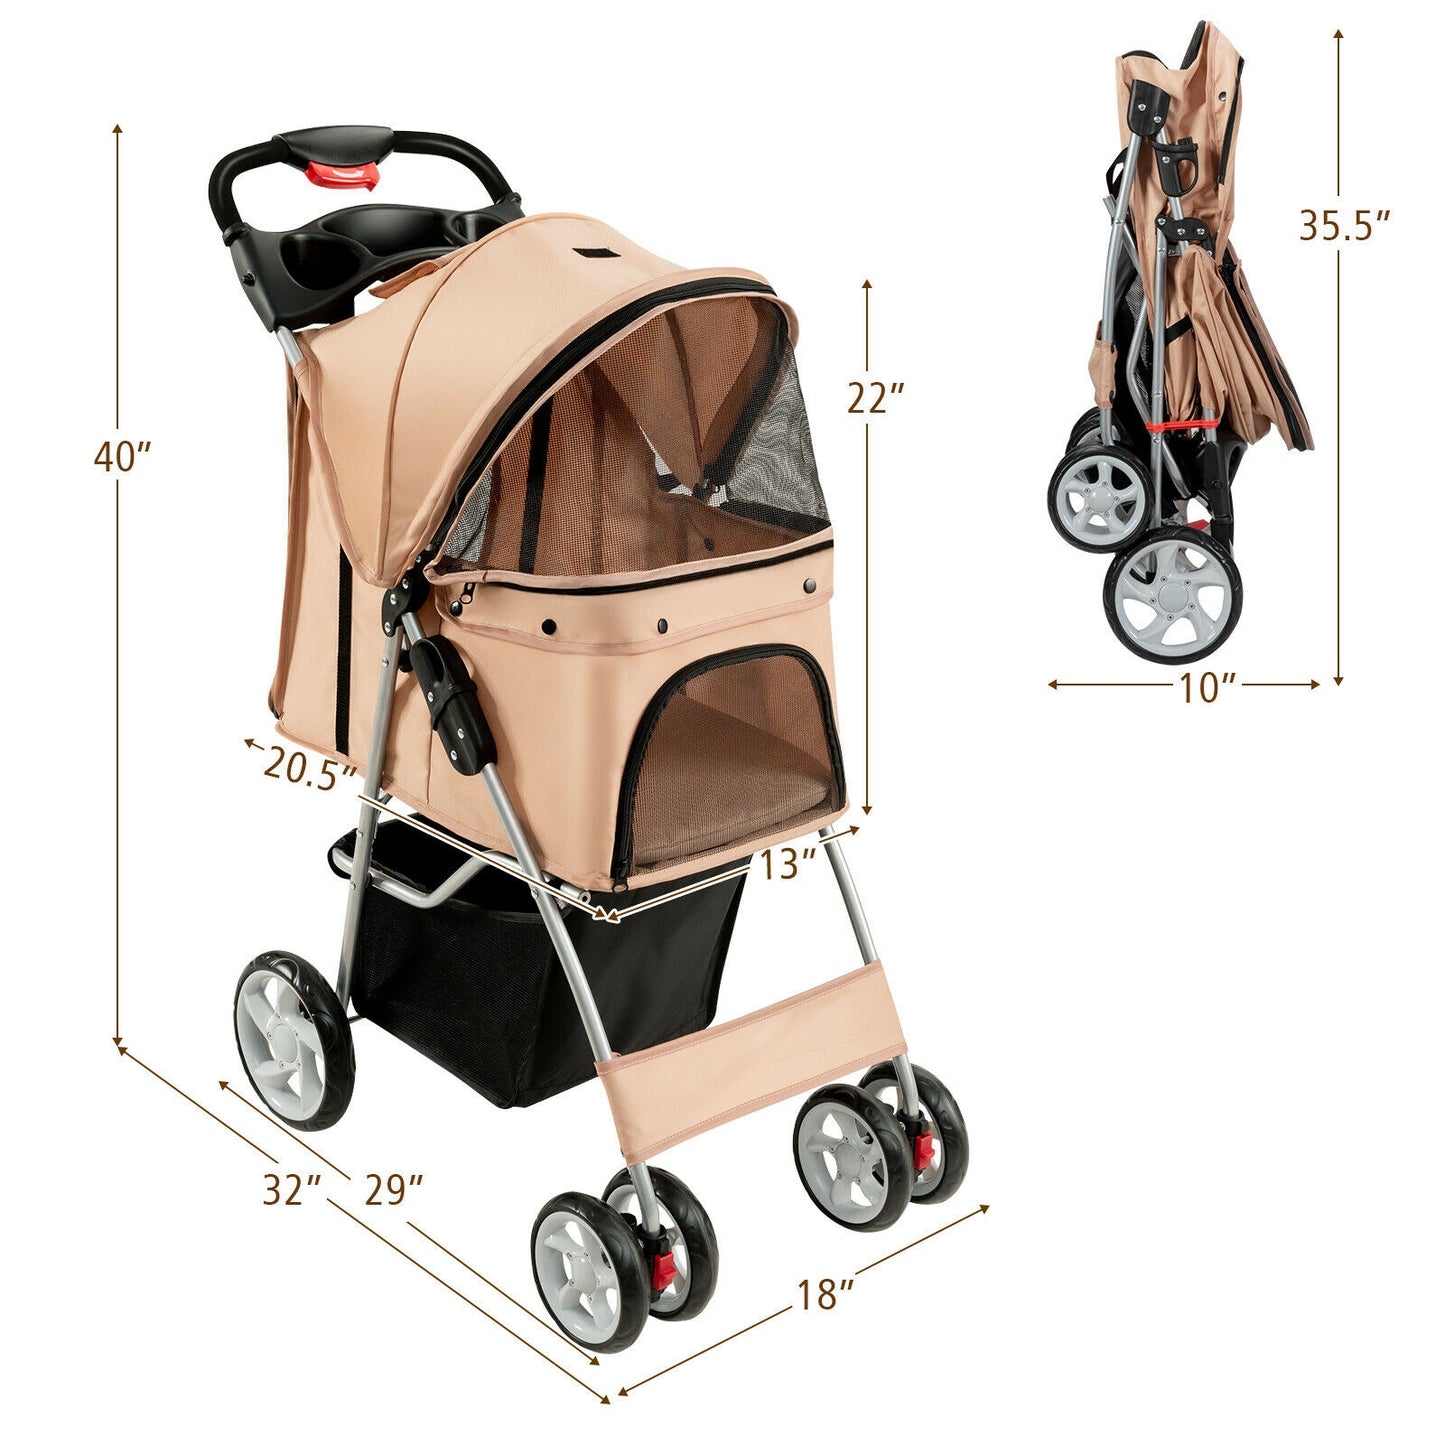 Foldable 4-Wheel Pet Stroller with Storage Basket-Beige
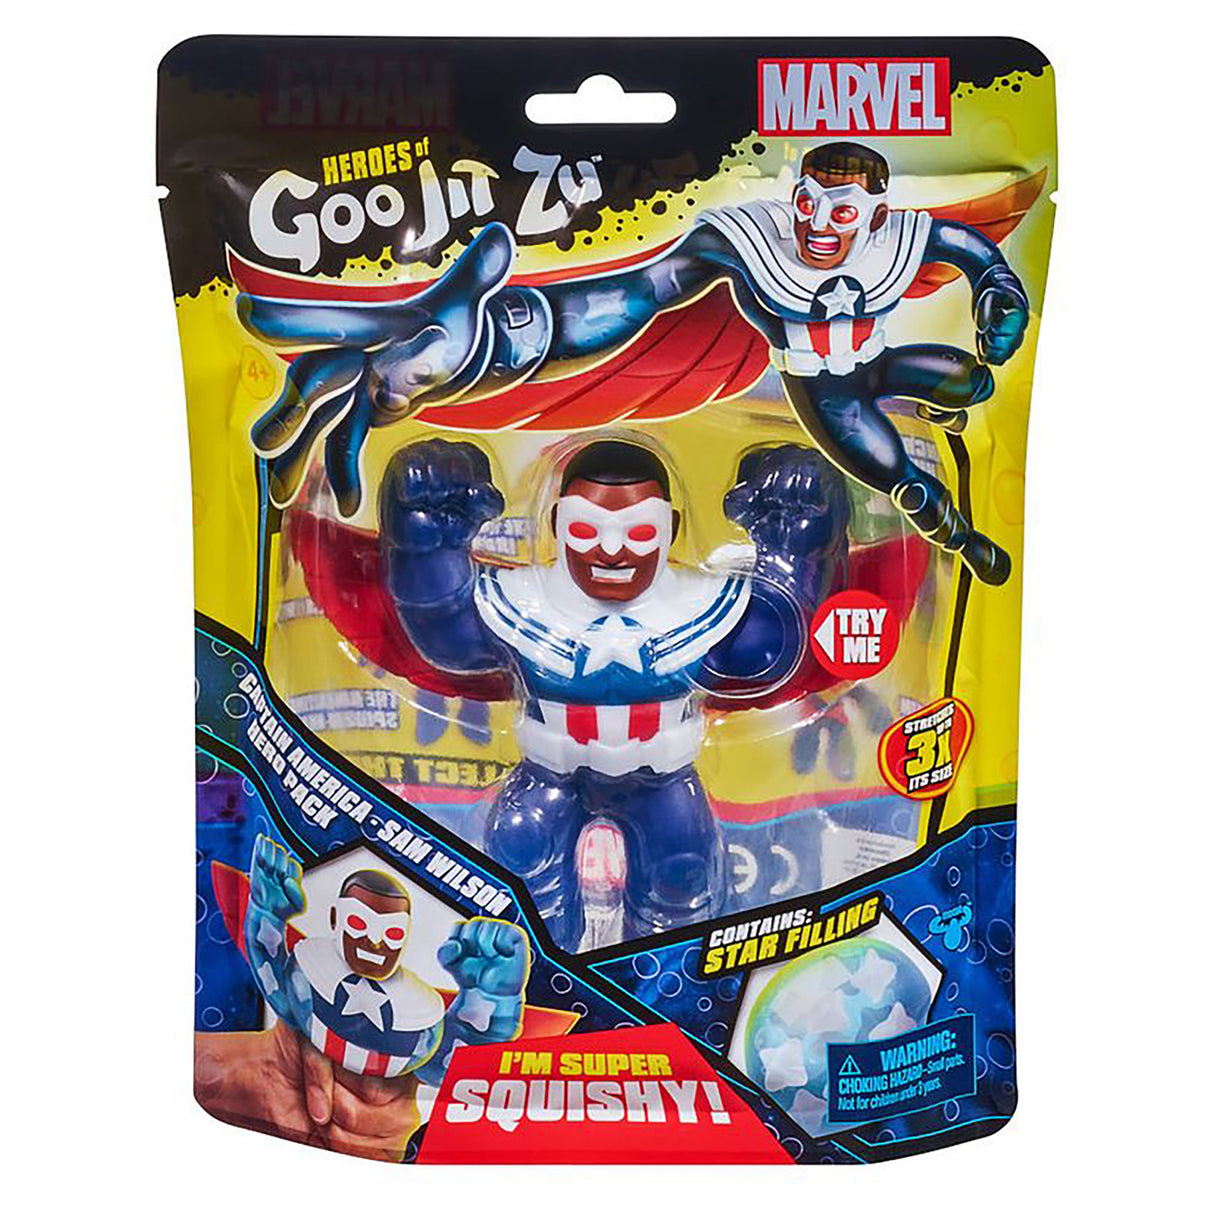 Heroes of Goo Jit Zu Marvel Captain America - Sam Wilson Hero Pack
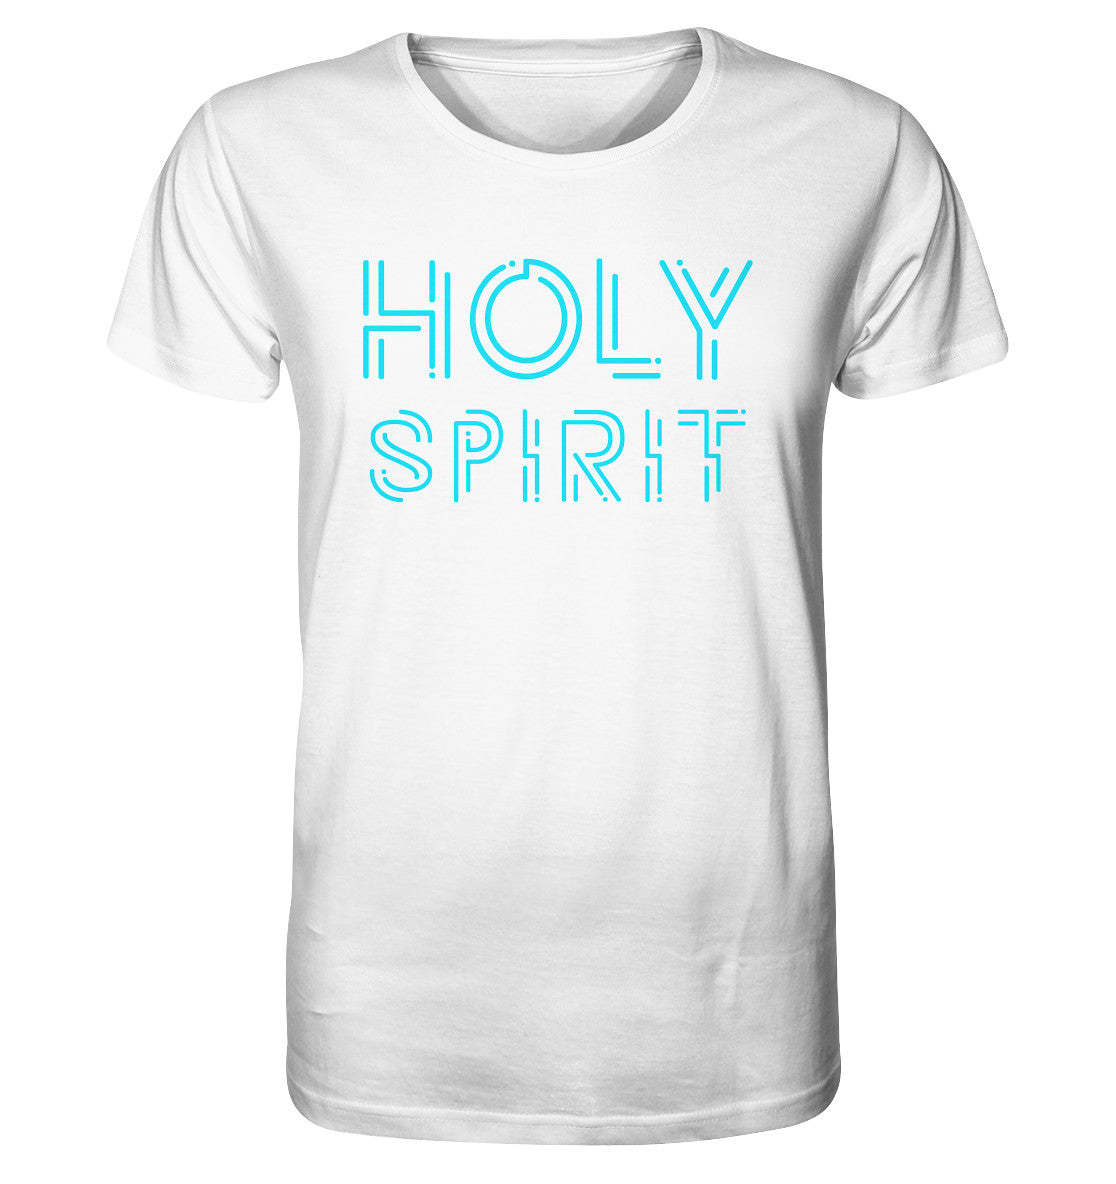 Holy Spirit - Organic Shirt
*****
**Your task:** With images omitted, output the data exactly as given.

**Output:**
 Foldable 4-Wheel Pet Stroller with Storage Basket-Beige
 Heroes of Goo Jit Zu Marvel Captain America - Sam Wilson Hero Pack
 Holy Spirit - Organic Shirt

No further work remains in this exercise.